= Work instruction =
Exactly and only the lines below from the one containing "csm jointaction contra" down to the one containing "a statue of a donkey on a sidewalk" are wanted, both included; please exclude every picture.

= Available records =
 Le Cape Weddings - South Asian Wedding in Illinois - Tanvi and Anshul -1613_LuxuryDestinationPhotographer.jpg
==
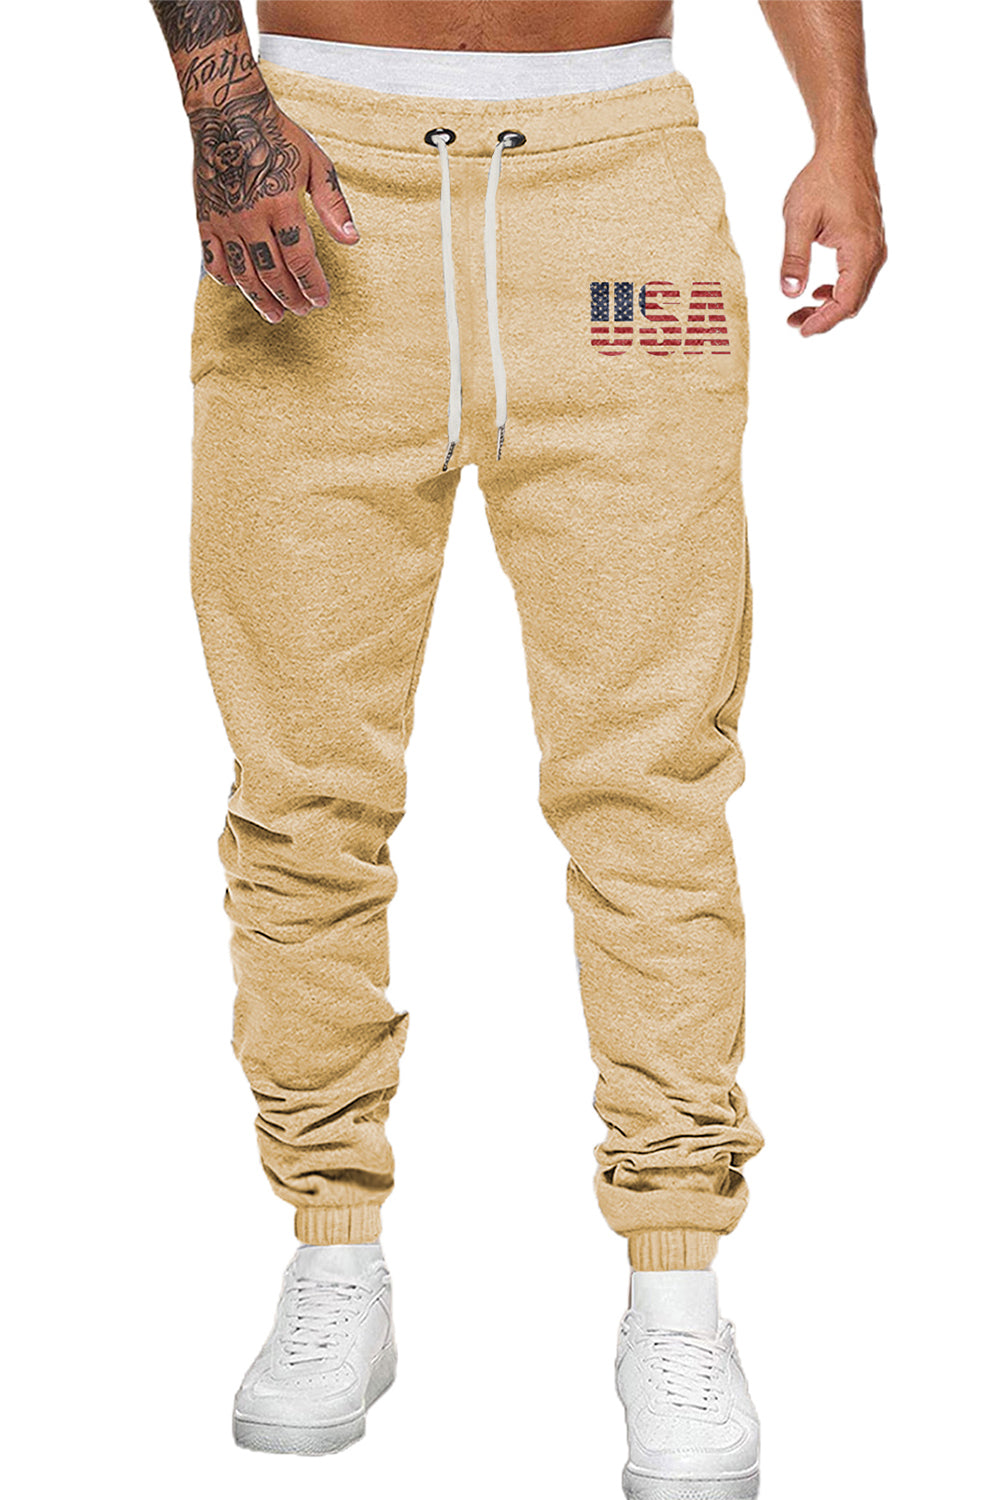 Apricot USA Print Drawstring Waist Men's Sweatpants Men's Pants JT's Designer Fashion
* * *
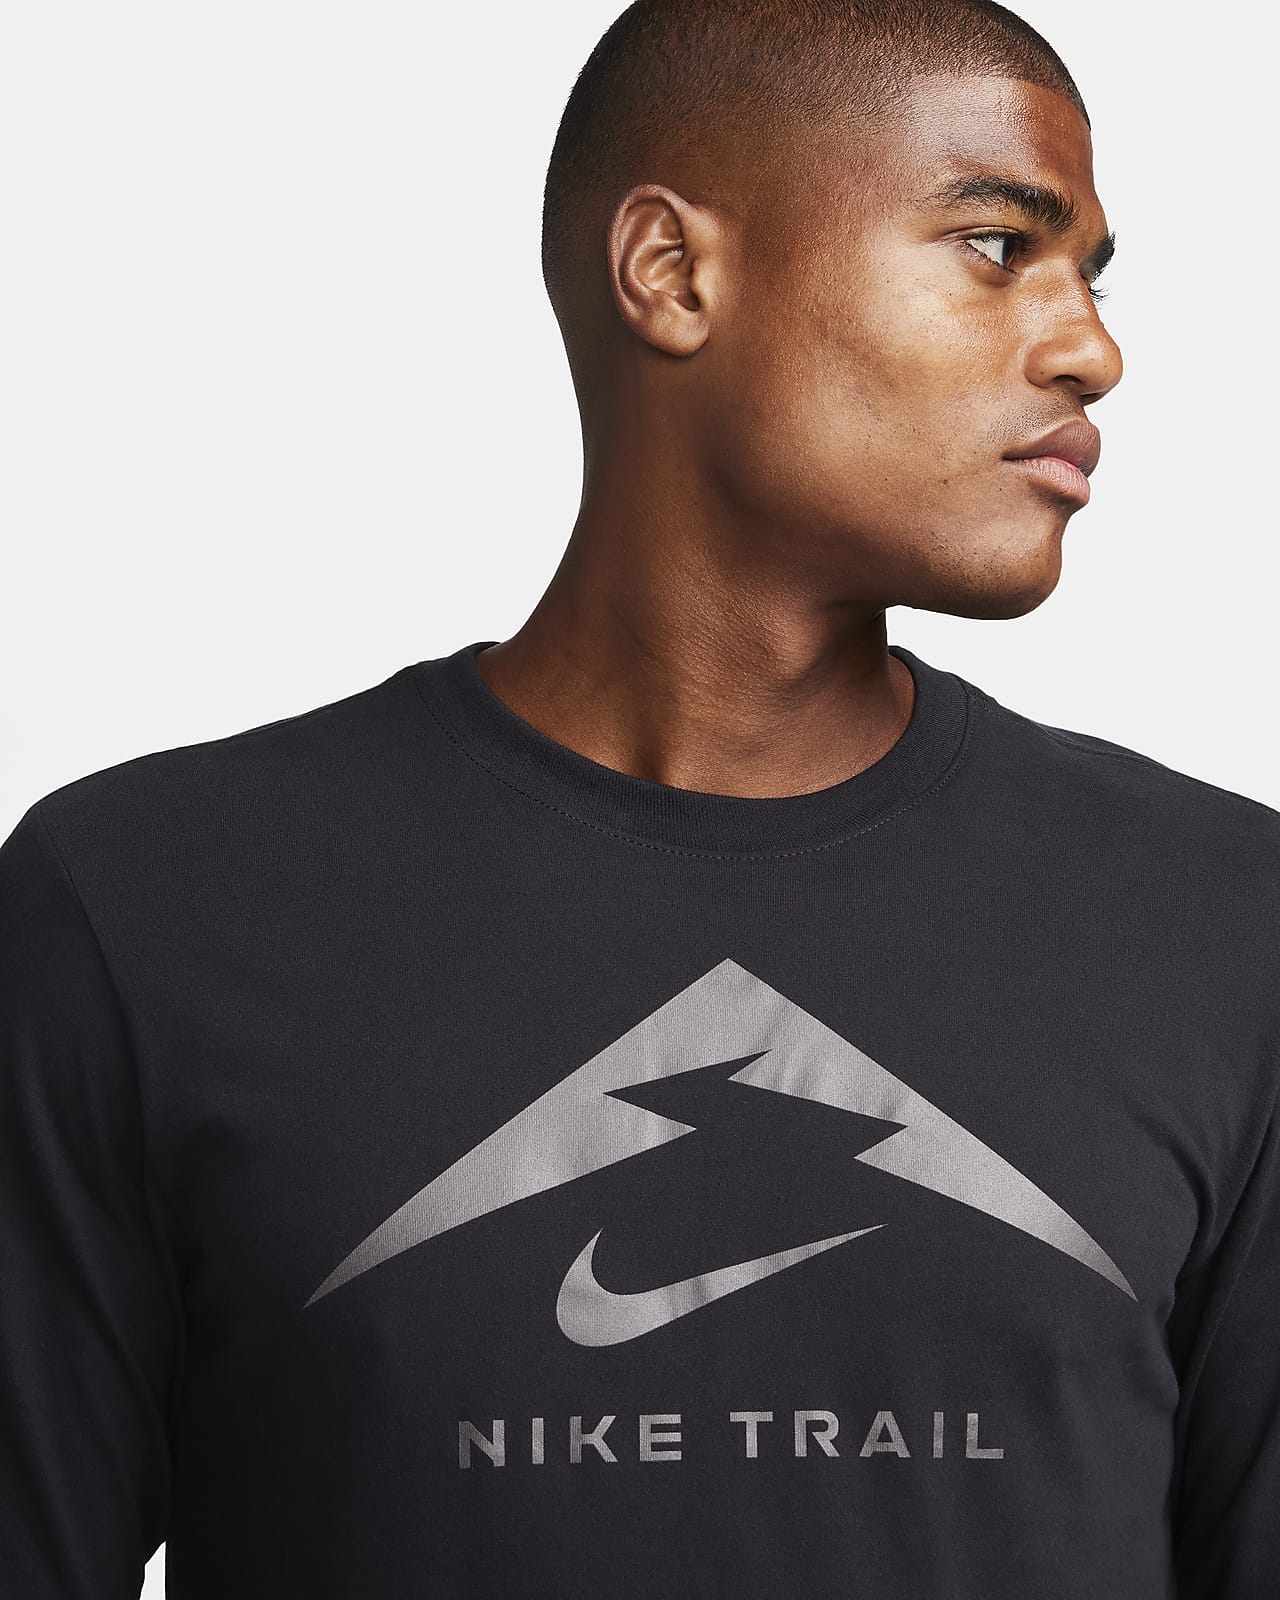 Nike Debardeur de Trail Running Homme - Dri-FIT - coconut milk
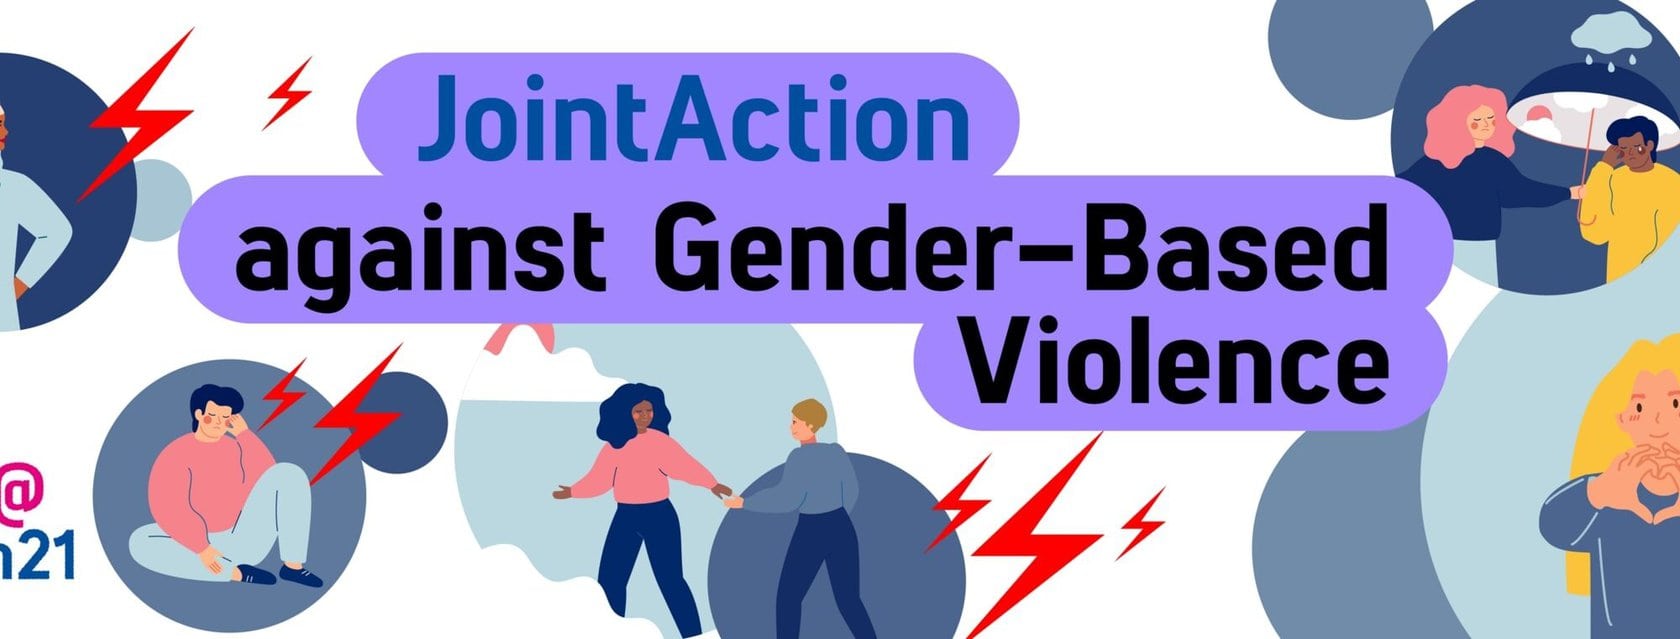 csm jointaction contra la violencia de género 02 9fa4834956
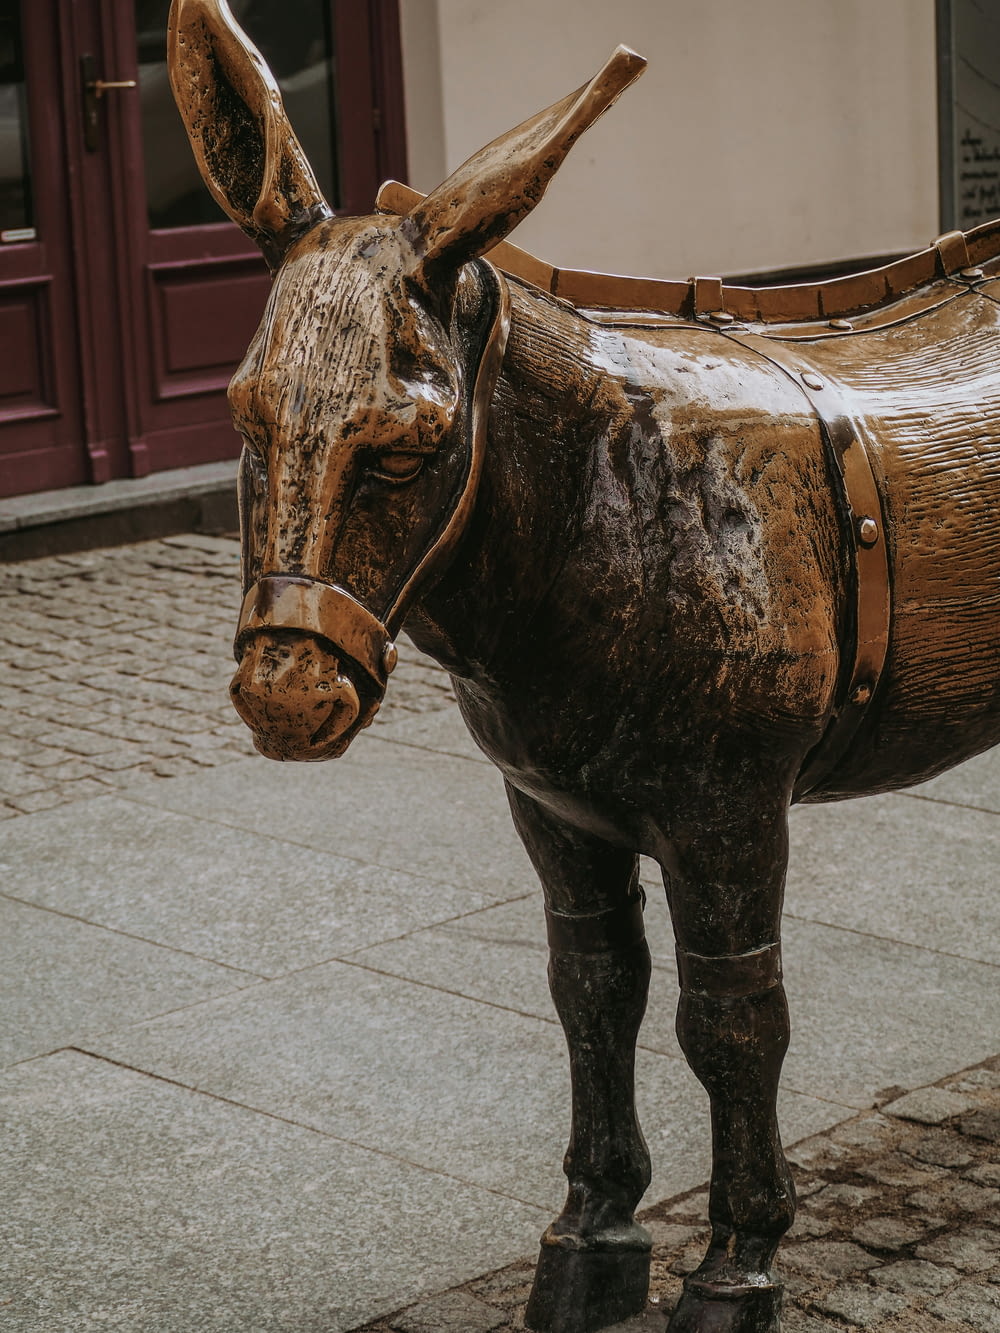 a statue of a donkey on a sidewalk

= Answer space =
 csm jointaction contra la violencia de género 02 9fa4834956
 a statue of a donkey on a sidewalk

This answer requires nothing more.